RFC: https://lore.kernel.org/all/20230106125330.55529-1-jefflexu@linux.alibaba.com/


[Background]
=============
Erofs already supports chunk deduplication across different images to
minimize disk usage since v6.1.  Furthermore, we can make inodes among
different images share page cache for these deduplicated chunks to
reduce the memory usage.  This shall be much usable in container
scenarios as deduplication is requisite for container images.


[Implementation]
================
This is achieved by managing page cache of deduplicated chunks in
blob's address space.  In this way, all inodes sharing the deduplicated
chunk will refer to and share the page cache in the blob's address
space.


[Restriction]
==============
The page cache sharing feature also supports .mmap().  The reverse
mapping requires that one vma can not be shared among inodes and can
be linked to only one inode.  As the vma will be finally linked to the
blob's address space when page cache sharing enabled, the restriction of
the reverse mapping actually requires that the mapped file area can not
be mapped to multiple blobs.  Thus page cache sharing can only be
enabled for those files mapped to one blob.

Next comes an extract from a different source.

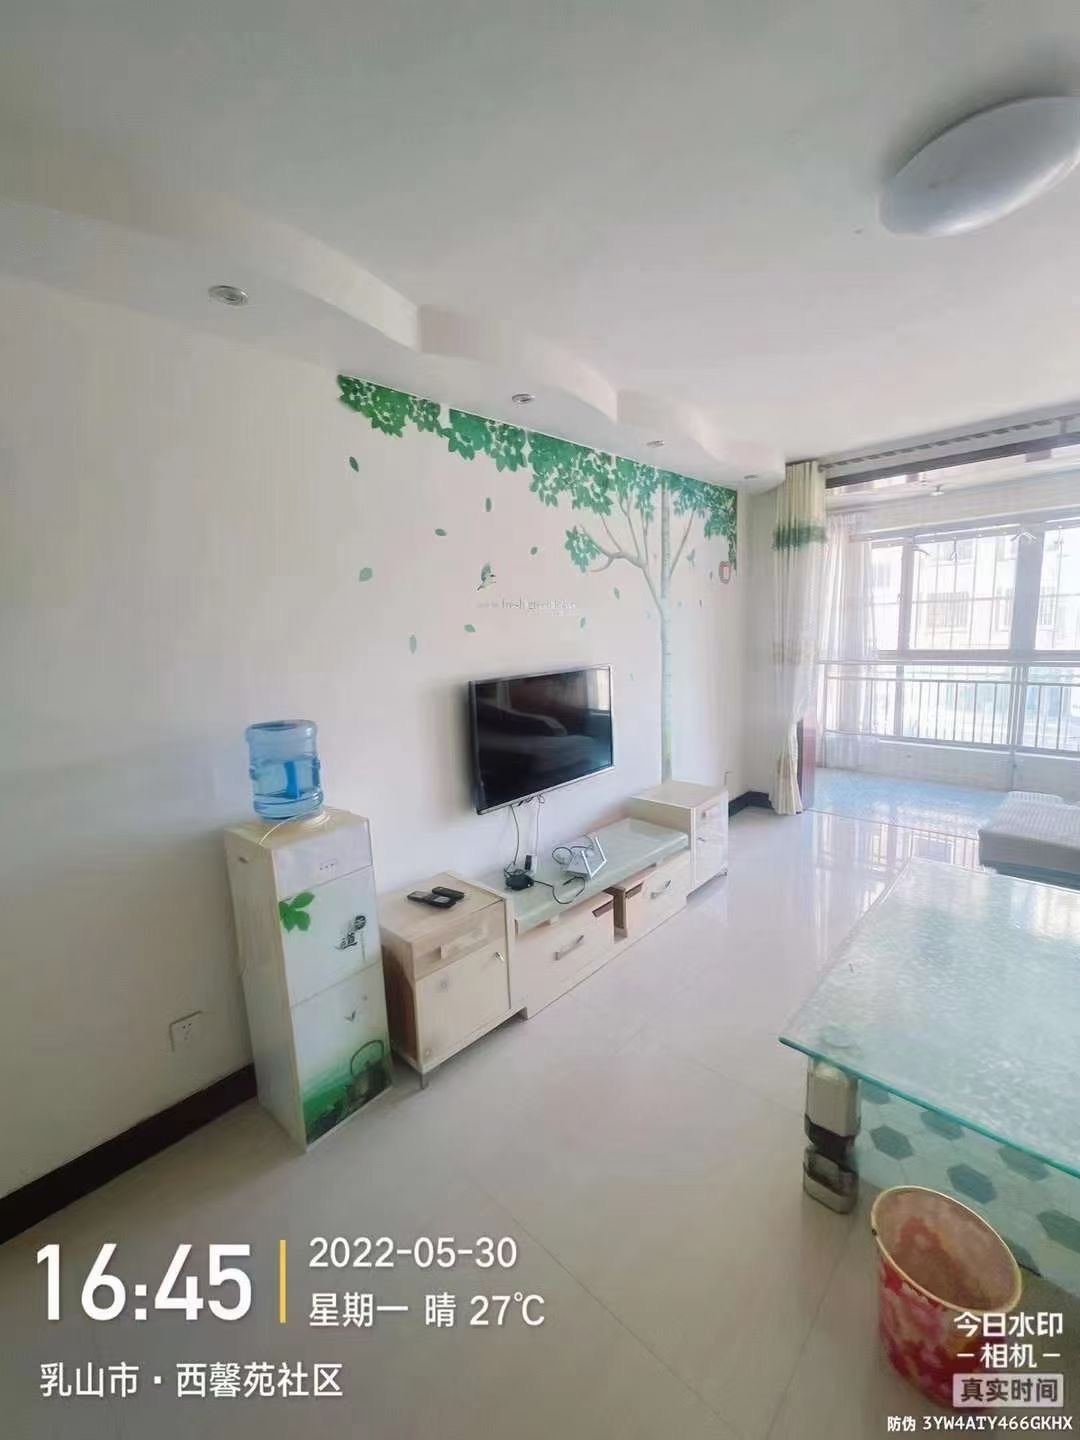 【出租】西馨苑二期1楼 精装修 两室90平 电视/冰箱/洗衣

The chunk based data layout guarantees that a chunk will not cross the
device (blob) boundary.  Thus in chunk based data layout, those files
smaller than the chunk size shall be guaranteed to be mapped to one
blob.  As chunk size is tunable at a per-file basis, this restriction
can be relaxed at image building phase.  As long as we ensure that the
file can not be deduplicated, the file's chunk size can be set to a
reasonable value larger than the file size, so that the file contains
only one chunk, in which case page cache sharing feature can be enabled
on this file later.


[Effect]
========
The final optimization result of this feature depends on the following
factors:

1. The number of deduplicated (shared) chunks.  Images sharing most of
the layers (e.g. a base image and v1 image based on the base image) will
achieve better optimization.

2. As the restriction mentioned above, the number of files for which
page cache sharing can ben enabled among the files accessed.

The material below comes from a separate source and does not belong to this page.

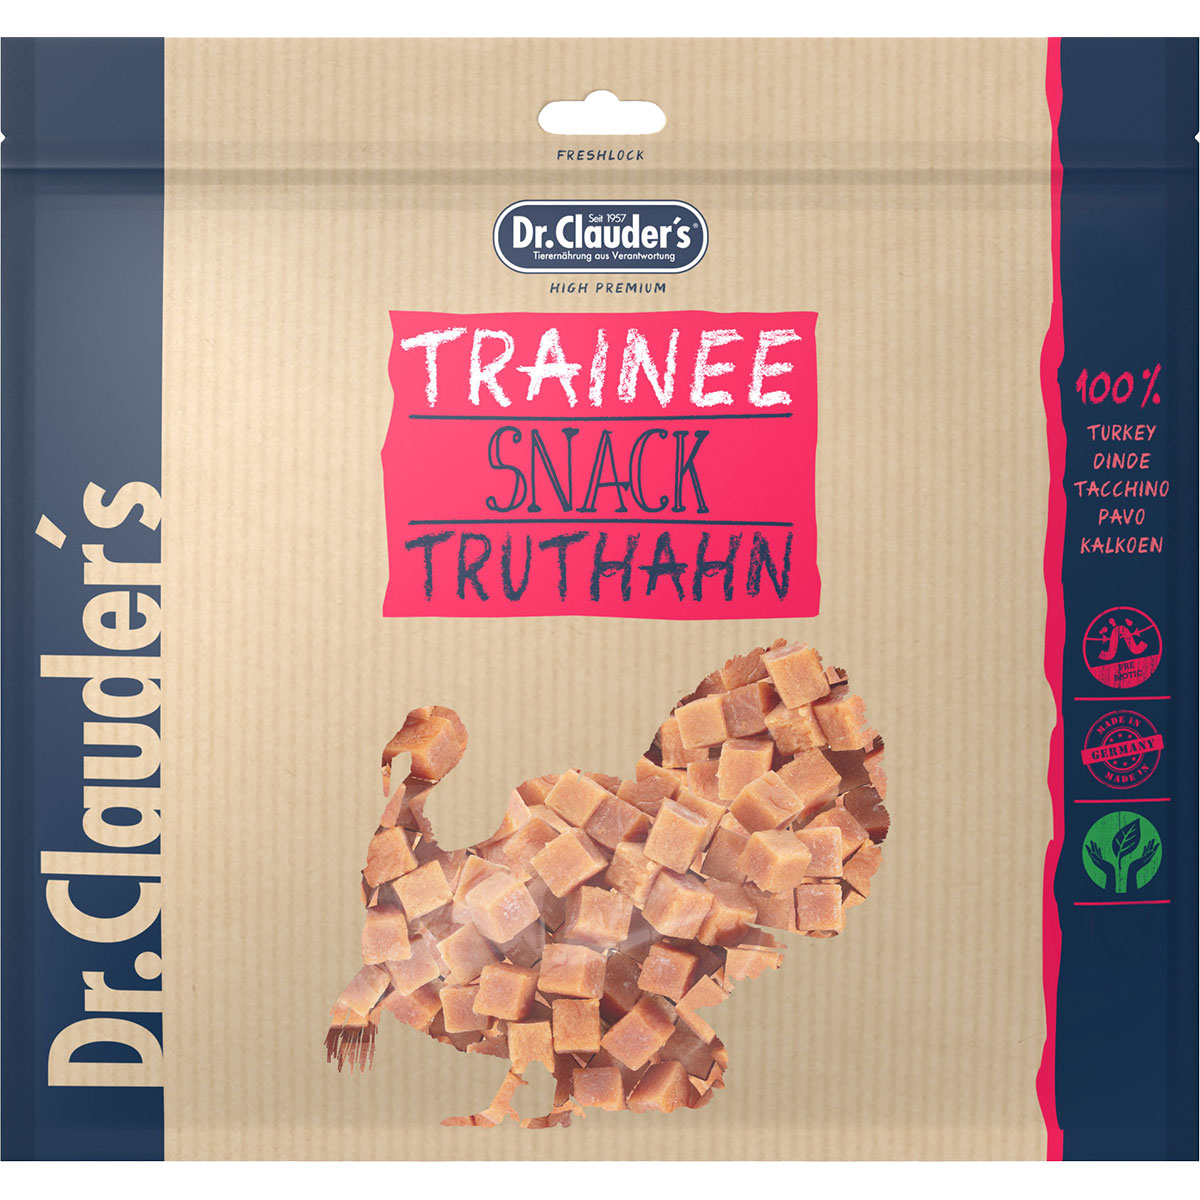 Dr. Clauders Trainee Snack Truthahnfleisch, 500g

I test the workload of starting up Tensorflow, which will access quite
many (~5K) files among the startup phase.  I get the base image of
Tensorflow from [1] and build a new image (e.g. v1 image) on top of this
base image.

Since the image got from [1] is in OCI format, I have to convert it to
erofs format with buildkit[2], with default chunk size of 1MB.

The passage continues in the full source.